Intersectional Accuracy Disparities in Commercial Gender Classification
The paper written by Joy Buolamwini and Timnit Gebru analyses the accuracy of commercial face-based gender classification systems, with a focus on intersections of race and gender. The study evaluated 3 commercial gender classification algorithms by IBM, Microsoft, and Face++ with a dataset that the researchers previously tagged manually. The authors calculated accuracy rates by comparing the algorithms’ predictions to the manual work, and also analysed accuracy variation intersectionally (across different demographic groups, including race, skin type, and age).
The main conclusion of the study is that “[i]nclusive benchmark datasets and subgroup accuracy reports will be necessary to increase transparency and accountability in artificial Intelligence” which is possible if the demographic and phenotypic characteristics of the training datasets and the algorithms’ performance are disclosed as open information. The authors point out that more research is necessary to determine if the significant error rate disparities based on gender, skin type, and intersectional sub-groups found in this study of gender classification persist in other computer vision tasks involving humans.

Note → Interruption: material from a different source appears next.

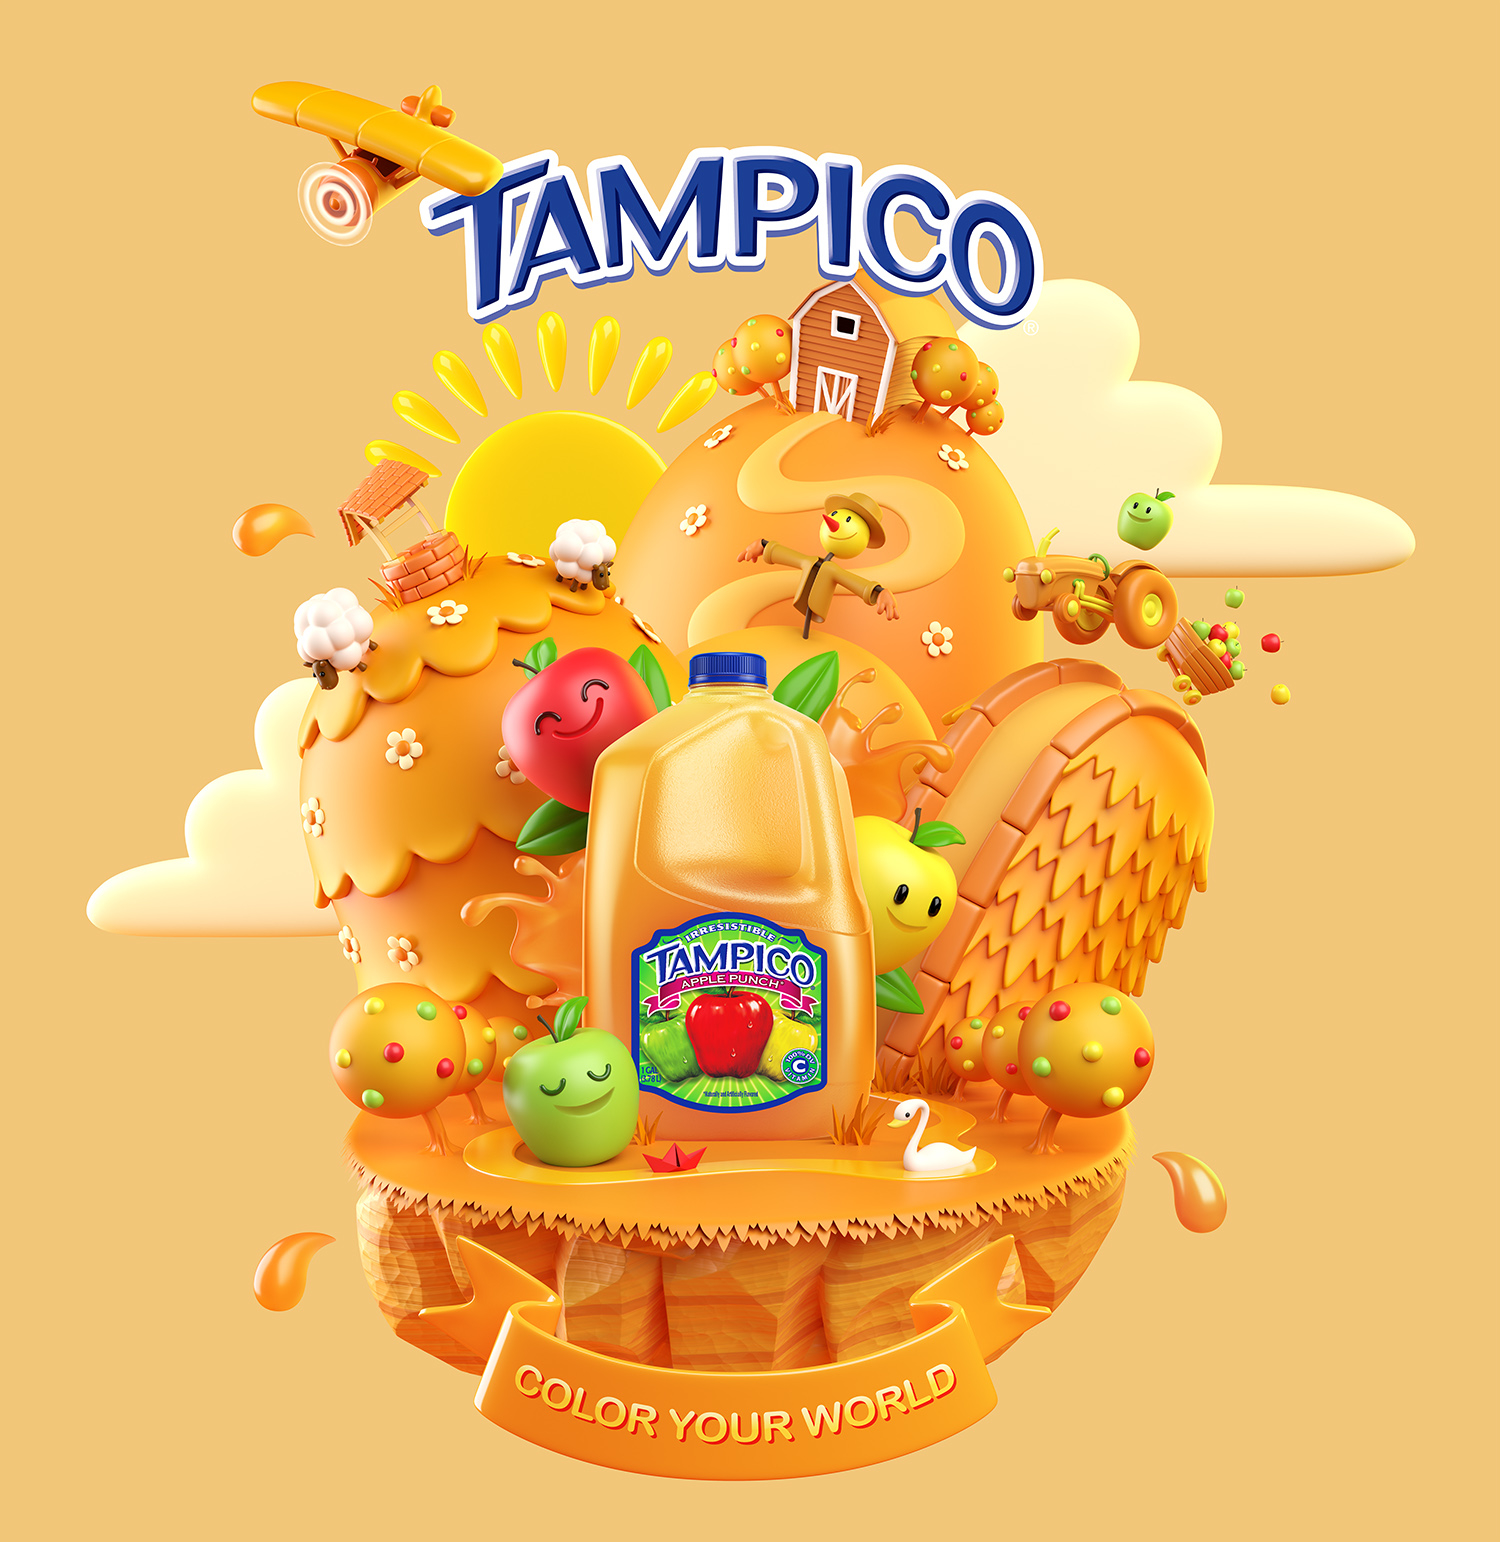 Tampico_CYW_Apple_1500.jpg

Besides finding that the commercial algorithms evaluated performed worse for faces with darker skin tones and for female faces, particularly for darker-skinned women, the authors delivered a “new dataset with more balanced skin type and gender representation”, which is a remarkable contribution to reduce biased decisions made by AI algorithms in contexts where accuracy is crucial. The authors also suggest that future research and development in this area should prioritize creating gender classification systems that are inclusive, accurate, and free from biases.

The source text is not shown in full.